2.     Through group work and in-class discussion, students will become comfortable debating the lasting questions of colonial Latin American historiography: why was it Spain and Portugal that colonized so much of the hemisphere? Did complex indigenous societies like the Maya, Aztec, Inca, and Tupinamba fall to Europeans—and if so, why? Was Afro-American culture in the New World created anew, or did it survive the slave trade? How do individuals subject to slavery, patriarchy, or extractive economic regimes manage systems of control? How do social and legal categories balance stability and long-term inequality? How do individuals transform their experience through religious, cultural, and intellectual production? What is the difference between resistance, rebellion, and revolution? How do loyalties change? Why do empires collapse and where do nations begin?

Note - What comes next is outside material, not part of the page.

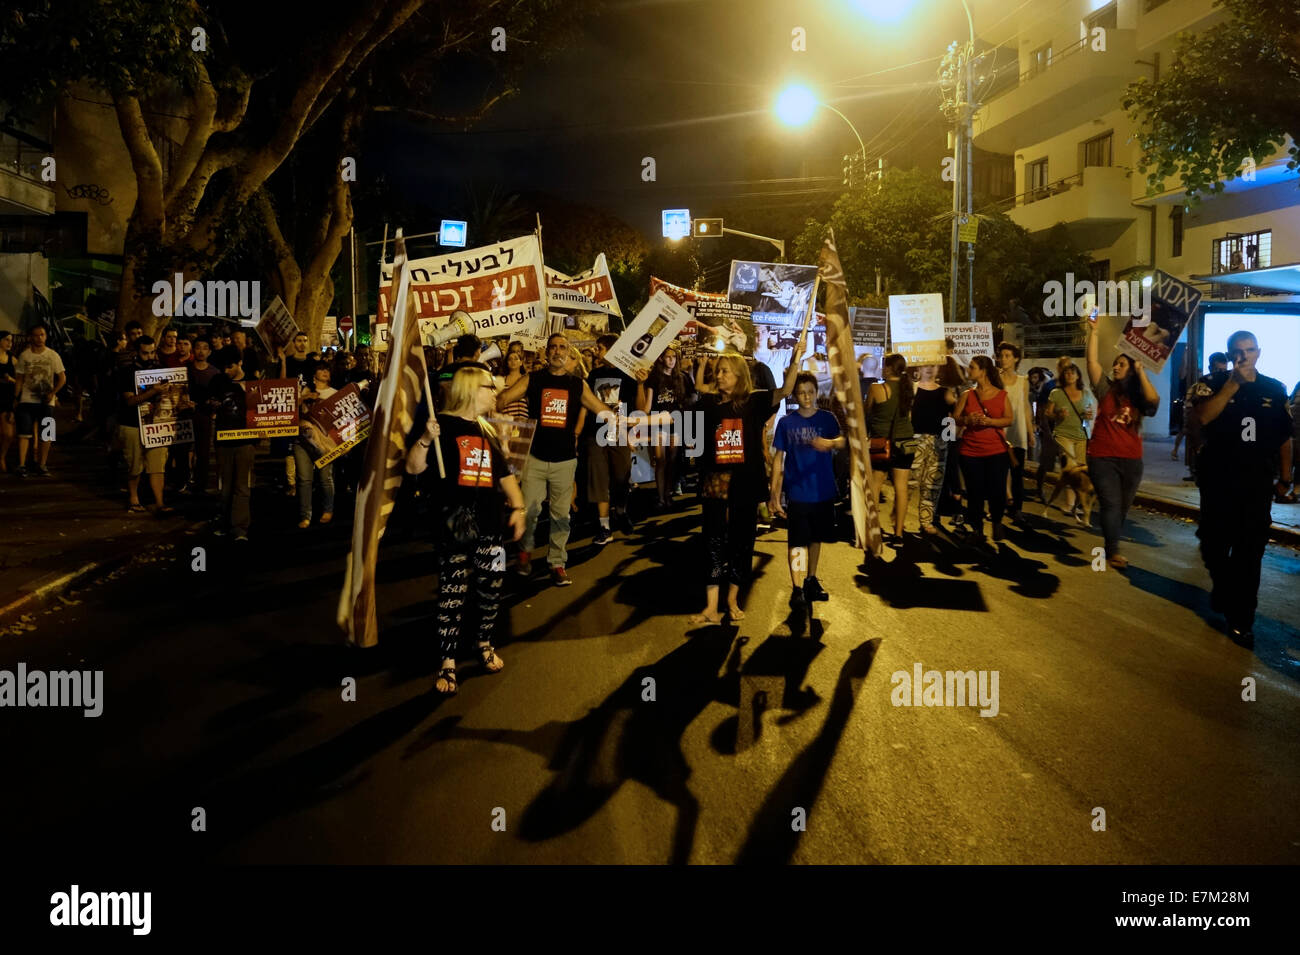 Menschen, die Plakate halten, die gegen die erlaubte Einschließung von Tieren protestieren Wird in Forschungslabors und in der Fabriklandwirtschaft verwendet, während sie während des marsches Eine Kundgebung für Tierrechte in Tel Aviv, Israel Stockfoto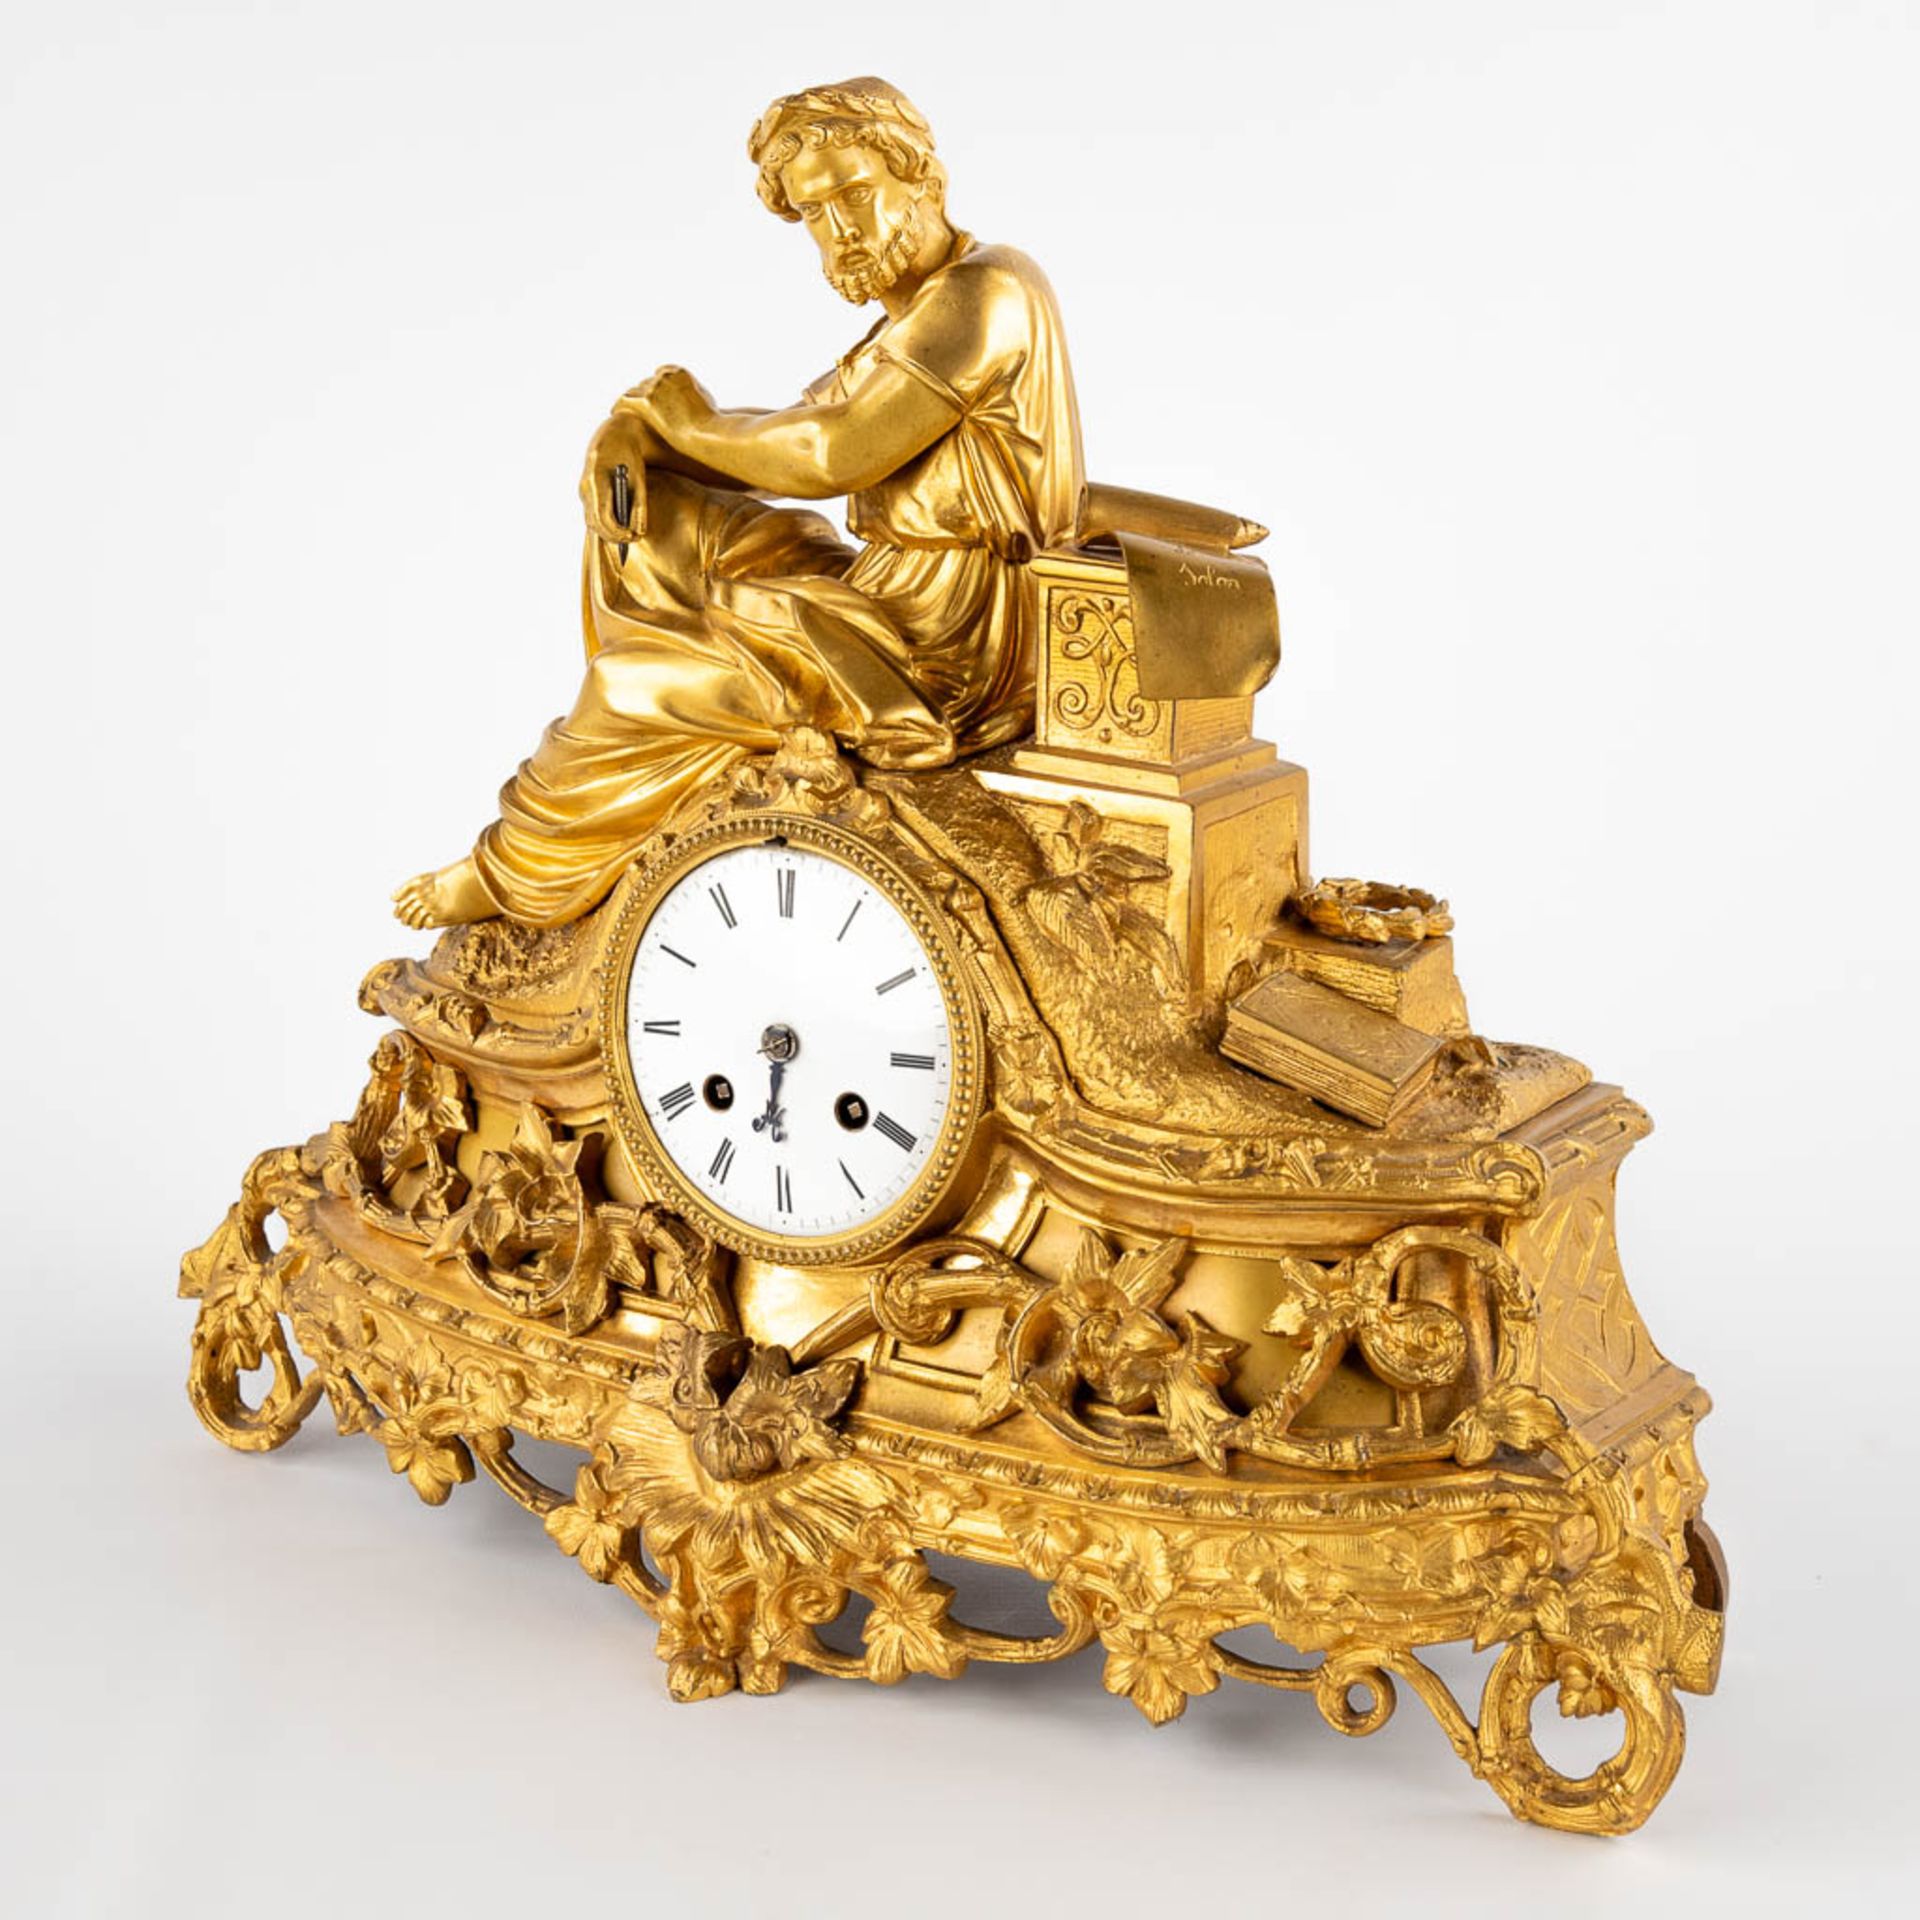 A mantle clock 'Lois De Solon', gilt bronze. France, 19th C. (D:14 x W:38 x H:52 cm) - Image 3 of 13

3.     Students will develop their abilities to read and critically interpret texts and images as “primary sources” in light of existing secondary sources.


4.     Students will develop and apply their writing abilities by writing low-stakes reviews of class readings and by producing a final review of a primary source and two secondary sources.


Required Readings

-       Matthew Restall and Kris Lane, Latin America in Colonial Times. Cambridge University Press, 2011.

-       Kenneth Mills, William B. Taylor, Sandra Lauderdale Graham, Colonial Latin America: A Documentary History. Rowman & Littlefield Publishers, 2002.

-       Camilla Townsend, Malintzin's Choices: An Indian Woman in the Conquest of Mexico. University of New Mexico Press, 2006.

-       Charles Walker, The Tupac Amaru Rebellion. Harvard University Press, 2014.

-       Articles posted on Canvas

Course Requirements and Assignments (if 346K):

1.     5% - Map quiz

2.     10% - Attendance and participation in discussions.

3.     10% - Seven weekly writing responses, (√+/-) format.

4.     20% - Critical Review of Townsend, Malintzin's Choices.

5.     5% - Primary Source Analysis

6.     20% - Critical Review of Walker, The Tupac Amaru Rebellion.

7.     30% - Essay on one primary source from the reader, in light of three secondary sources.